Reviews and news items additionally note the following information: this was Jean Howard's first film; the song "Everything I Have Is Yours," which became one of the most popular songs of the year, was a "big hit" in the East even before the film was completed; and writer humorist Robert Benchley returned to his position as the drama critic for The New Yorker after completing his role in the picture. This was Benchley's first feature for M-G-M. He made several features for the studio during the 1930s and 1940s and also wrote and starred in a number of humourous short films. Dancing Lady marked the motion picture debut of Broadway star Fred Astaire. It was also his last M-G-M film until The Broadway Melody of 1940. According to contemporary news items, as well as memos and letters written by David O. Selznick that have been reproduced in a modern source, Selznick had convinced his former, RKO to sign Astaire to a contract, but that studio was uncertain how best to feature the dancer. Selznick moved to M-G-M in early 1933 to take over many of production chief Irving Thalberg's duties while Thalberg was recuperating from a serious heart attack.

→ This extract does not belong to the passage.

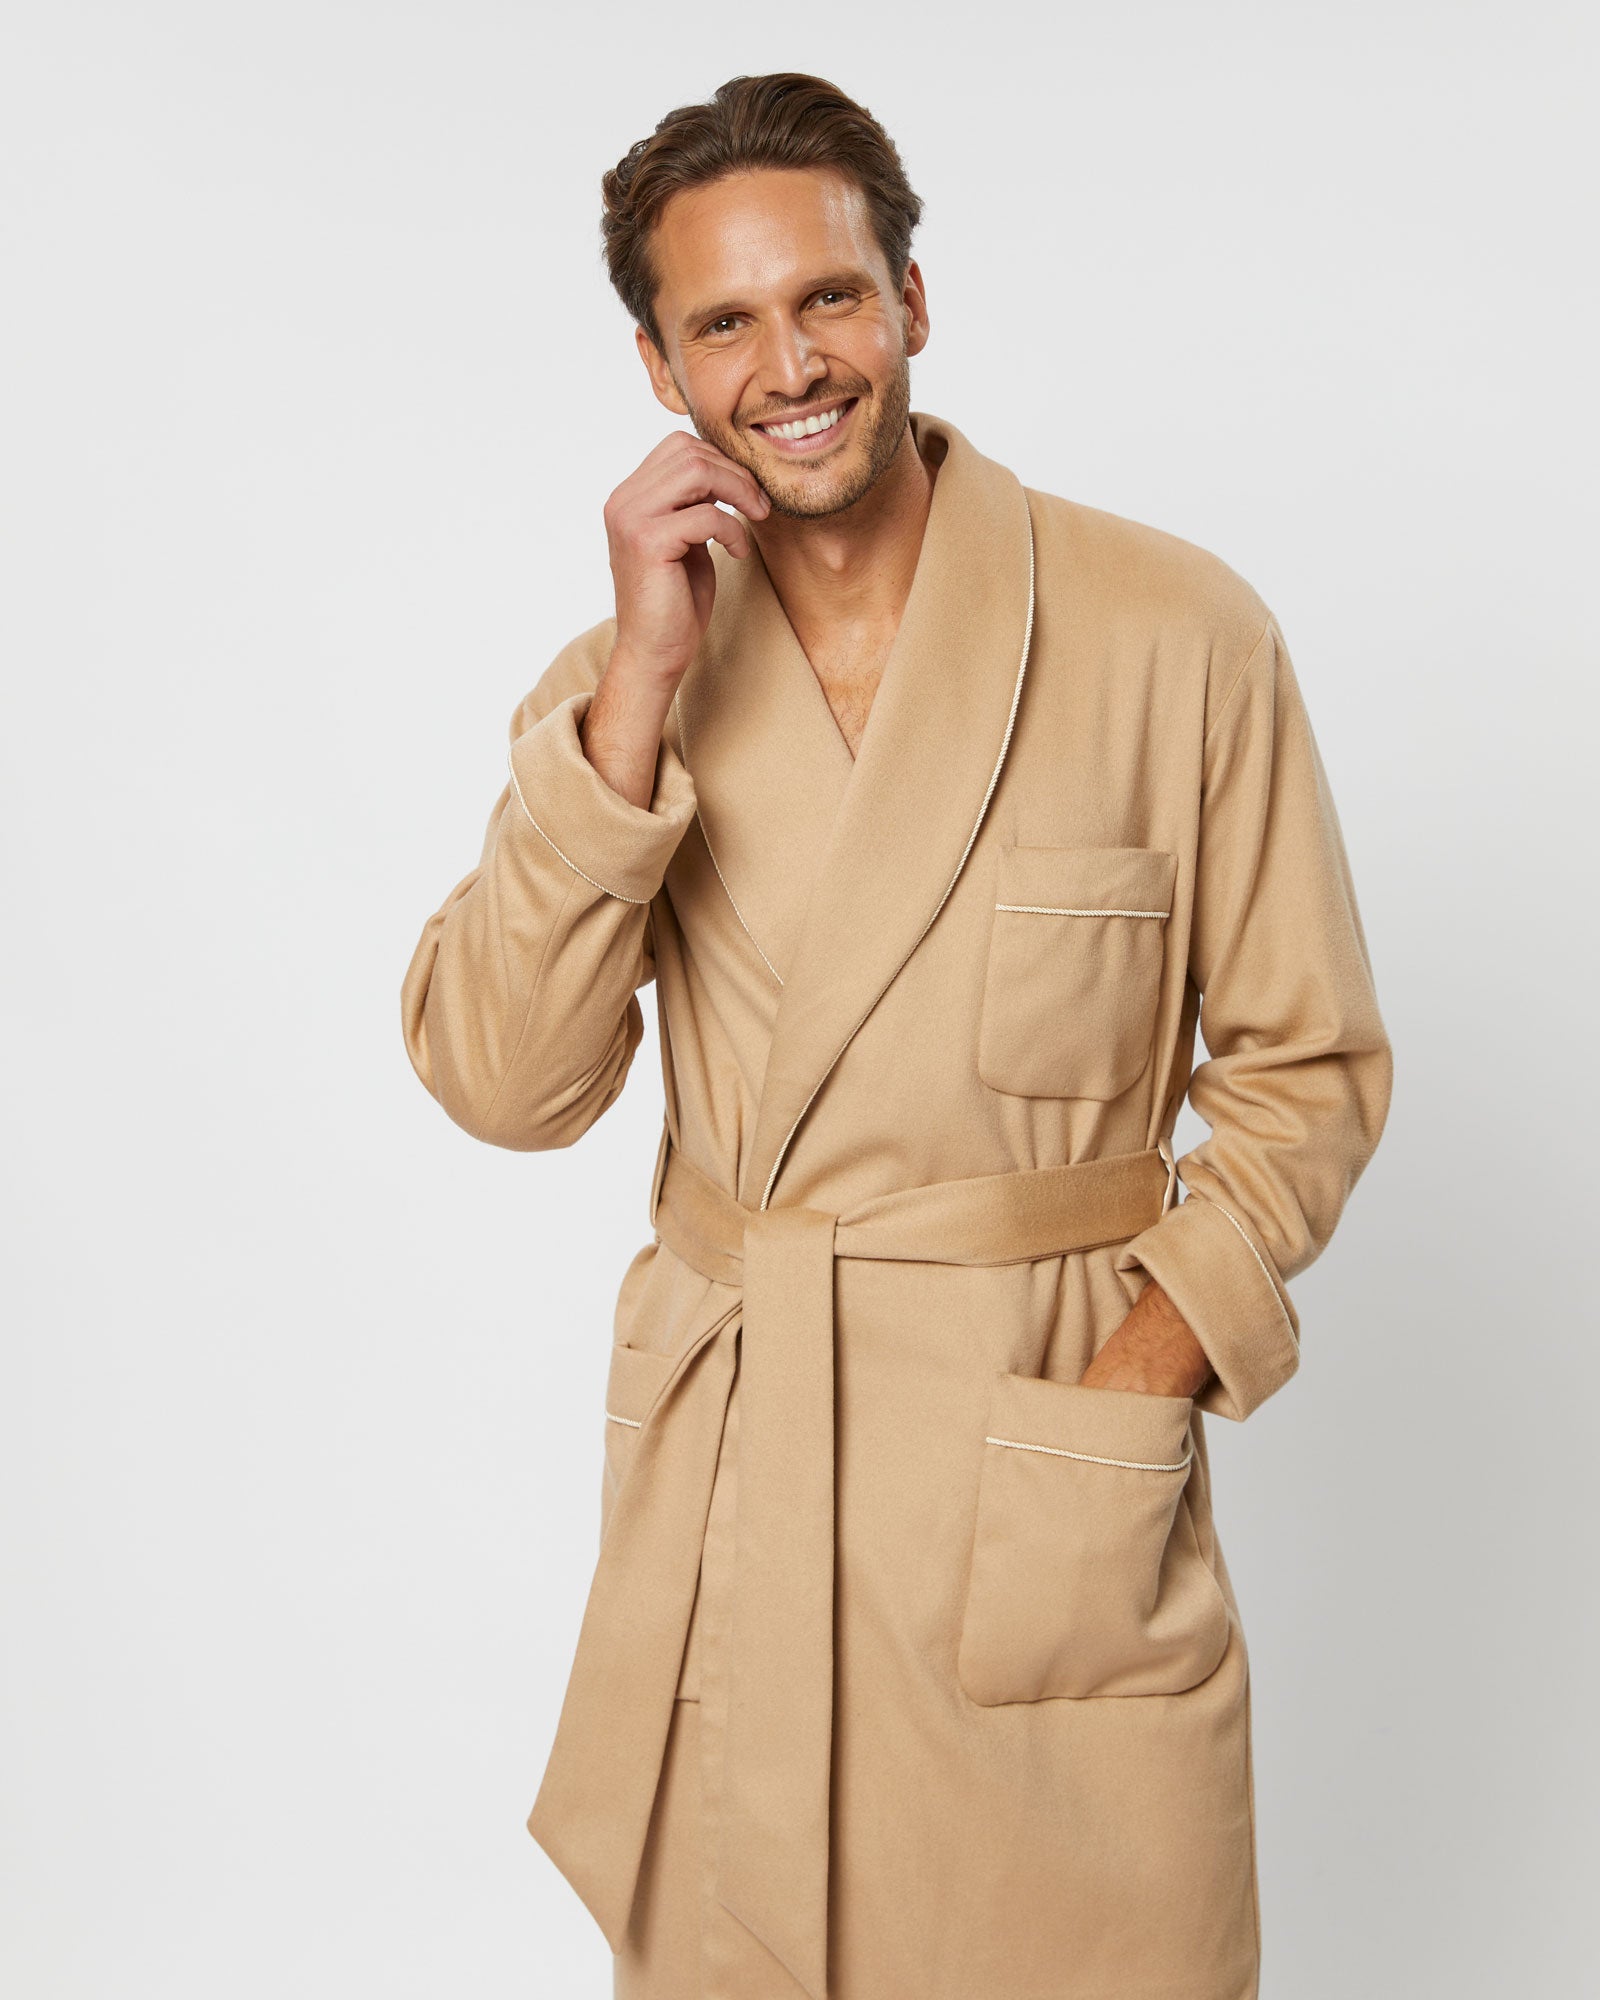 ZEGNA X THE ELDER STATESMAN Shawl-Collar Checked Cashmere Robe for Men | MR  PORTER

When Dancing Lady was being cast, it was Selznick who decided to borrow Astaire from RKO for the picture. Selznick memos, as well as biographical sources on Crawford note that this became one of the most popular pictures of her career and revived her waning popularity with audiences after the box office failures of Rain and Today We Live (see below). Several modern sources have additionally called the picture "the yardstick" against which all other Crawford pictures were measured by M-G-M.
Released in United States 1933
Released in USA on laserdisc September 1991.